The leads are likable in this halal romantic comedy.Nina Wadia is great as the ‘cradle snatching’ widow. Nayna (Mandeep Dhillon) who plays the fiercely protective best friend of Fatimah. The charismatic Nayna delivers her dialogue with perfectly projected dramatic nuance. Ambreen Razia who plays Shahid’s sister Hafsah, is another delightful highlight of the film, particularly her feisty exchange in a hilariously brusque introduction to Shahid’s ex-wife. Shobna Gulati invites empathy as the long suffering wife of a doltish man whose gauche ambitions include social climbing and maintaining a rigid criteria (Pakistani only) for a prospective son-in-law. We have a hilarious cameo by BBC Asian Network Presenter Guz Khan, playing a gym bunny, and Abdullah Afzal the dopey son in law from Citizen Khan playing a candidate MP who wants to legalise drugs.
The film highlights the very real dilemmas when it comes to finding a partner as a British Muslim, from the stigma of being divorced to the scathing judgement of marrying outside ones culture or age bracket.

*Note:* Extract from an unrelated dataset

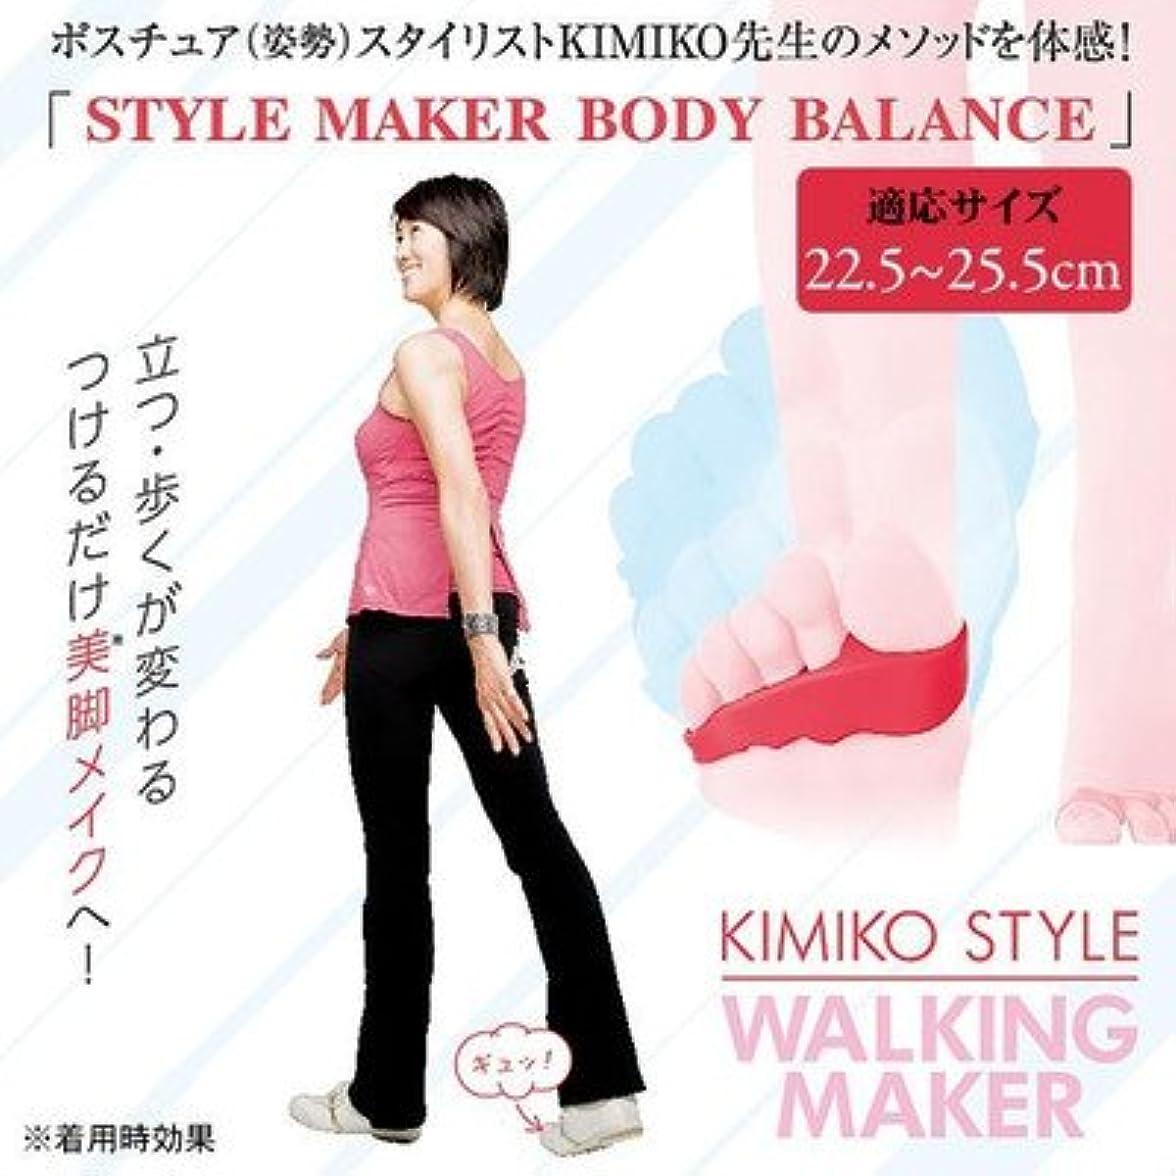 ドラマダメージ西部付けて歩いて 正しい歩行姿勢へナビゲート KIMIKO STYLE キミコスタイル WALKING MAKER ウォーキングメーカー 1足入

We have the best of British talent helps make Finding Fatimah a ‘refreshing’ take on Muslim life.As independent British films go, Finding Fatimah is unlike others in recent years and it’s this originality that will cement its place in modern cinema, but rather than one to leave to watch until it makes the history books, catch it now, while the jokes are still fresh and story is unique. It is an accurate portrayal of Britain today? Finding Fatimah couldn’t be more 2017.